*What is expected*:
Give back the whole listing exactly as written, leaving out each picture.

[[ Supplied data, beginning ]]

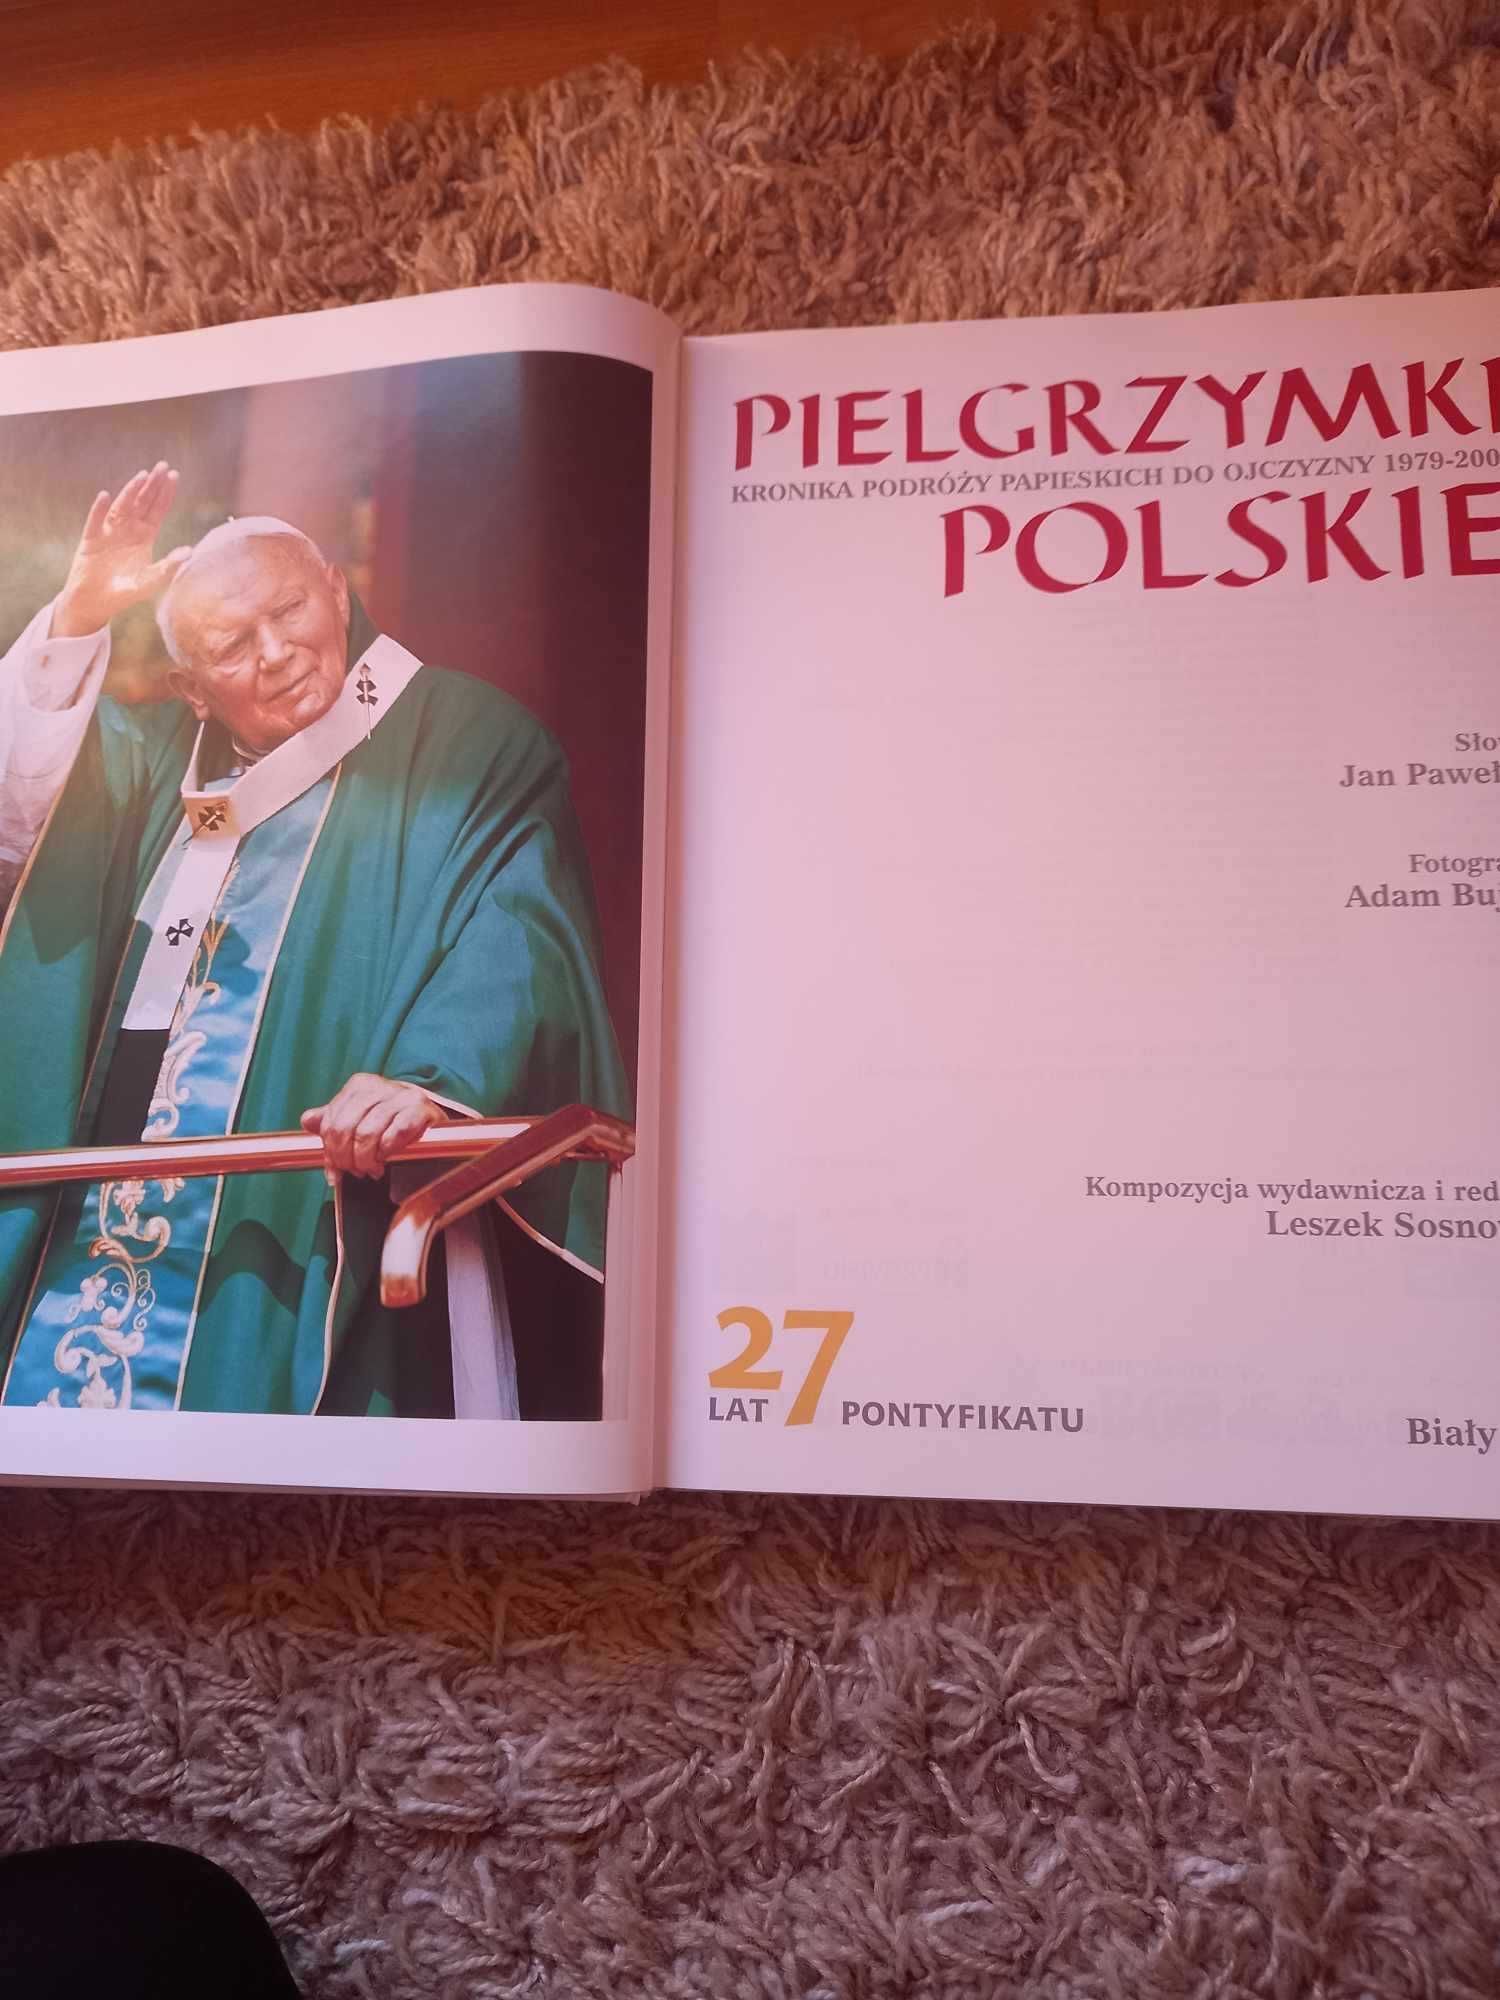 "Pielgrzymki Polskie - Kronika podróży papieskich do ojczyzny"
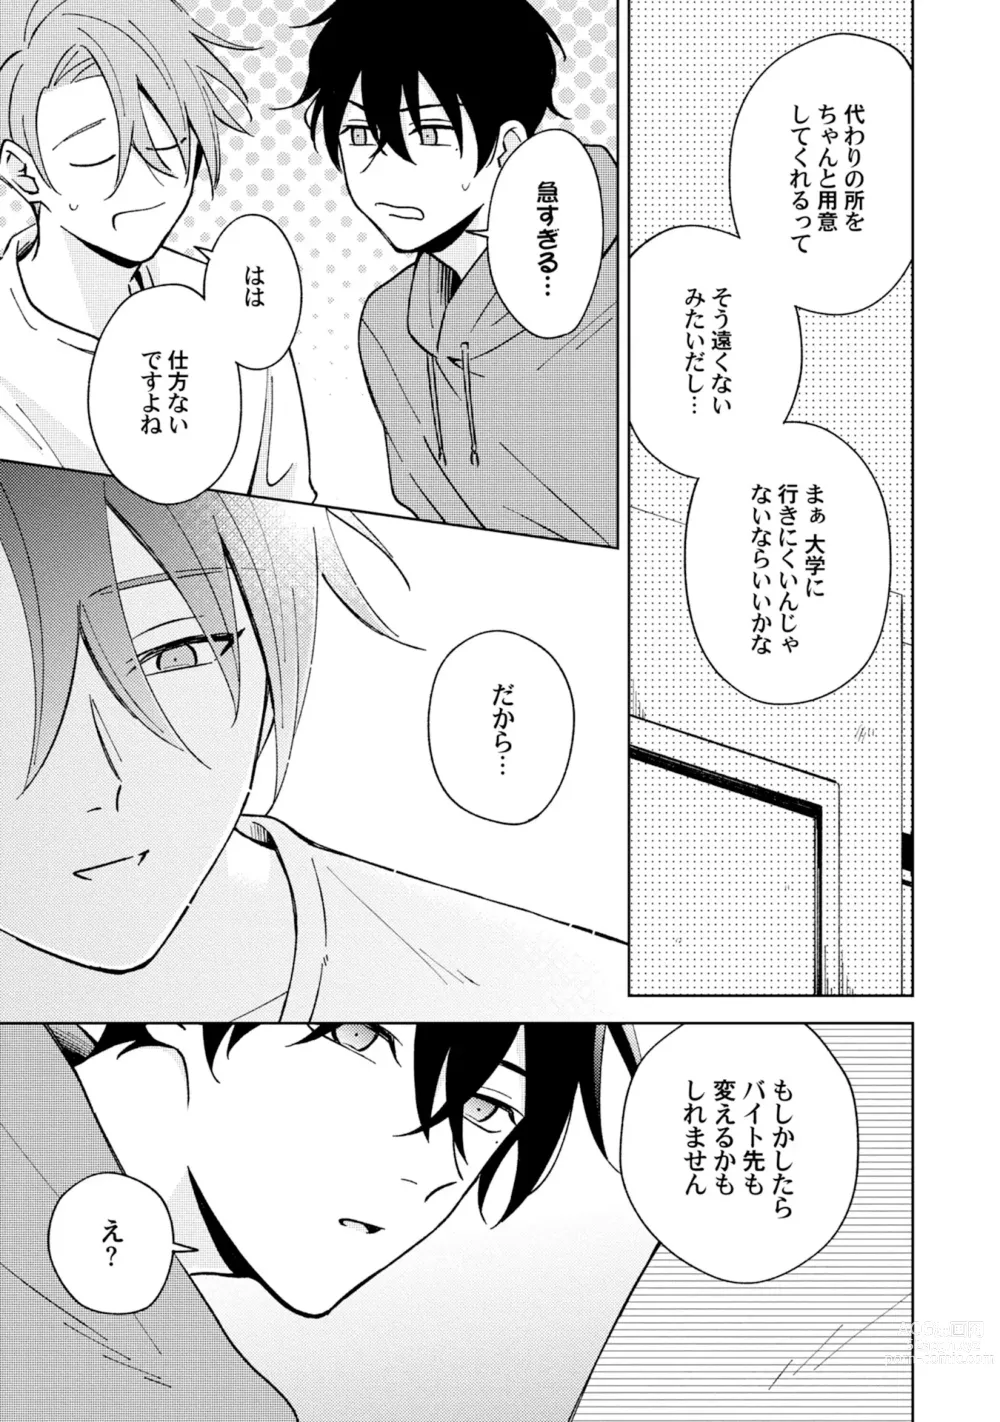 Page 5 of manga Toho 3-byou no Trouble Love Room 5
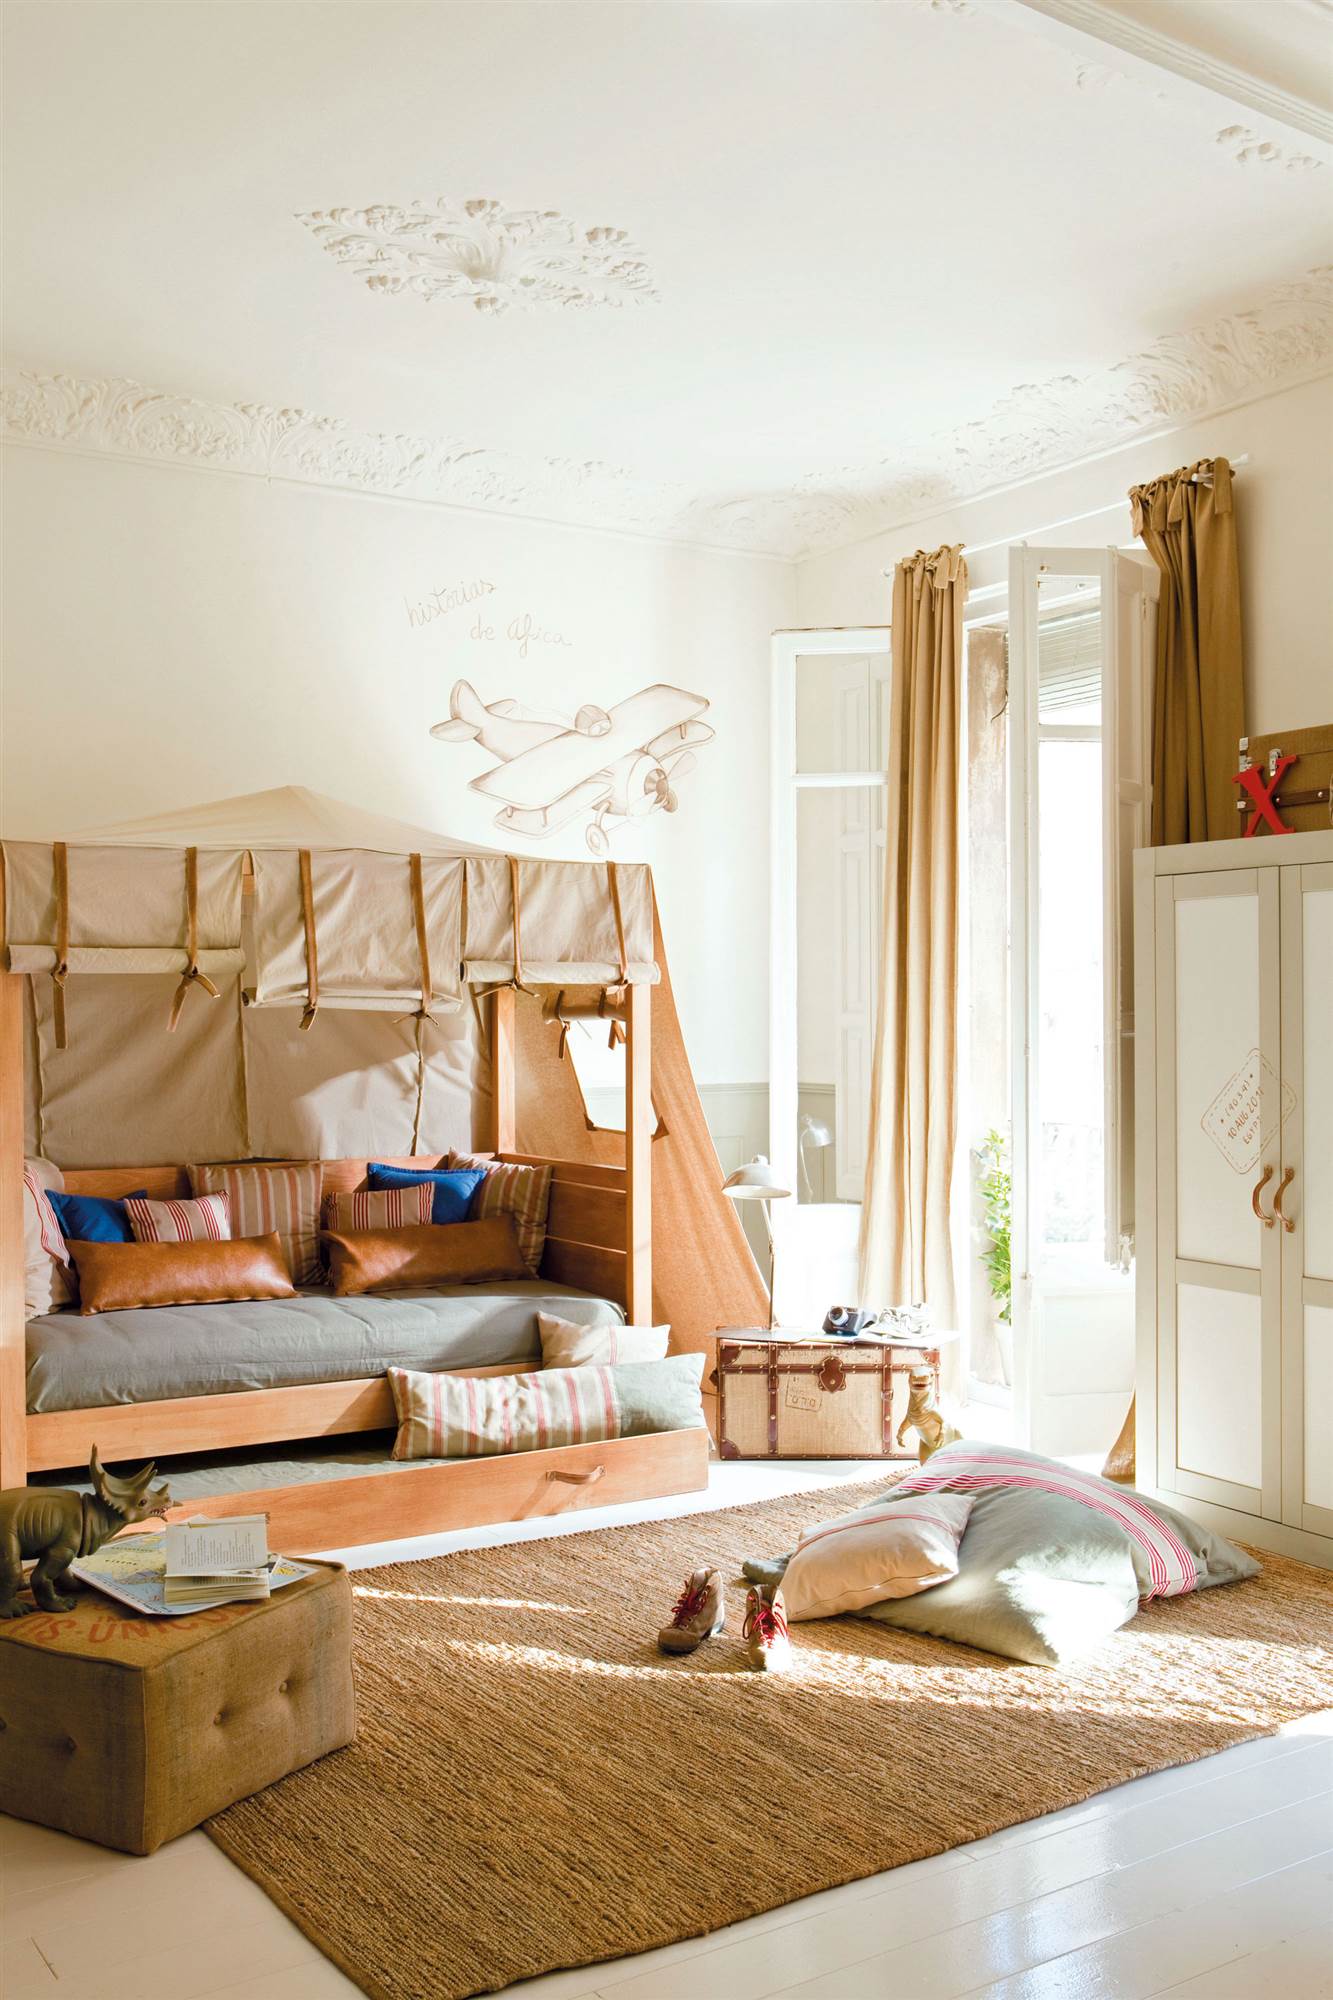 Dormitorio infantil con alfombra de fibras, cama con dosel y cortinas de color mostaza.

[[ Supplied data, end ]]

*Solution for this problem*:
 "Pielgrzymki Polskie - Kronika podróży papieskich do ojczyzny"
 Page 5 of manga Toho 3-byou no Trouble Love Room 5
 Dormitorio infantil con alfombra de fibras, cama con dosel y cortinas de color mostaza.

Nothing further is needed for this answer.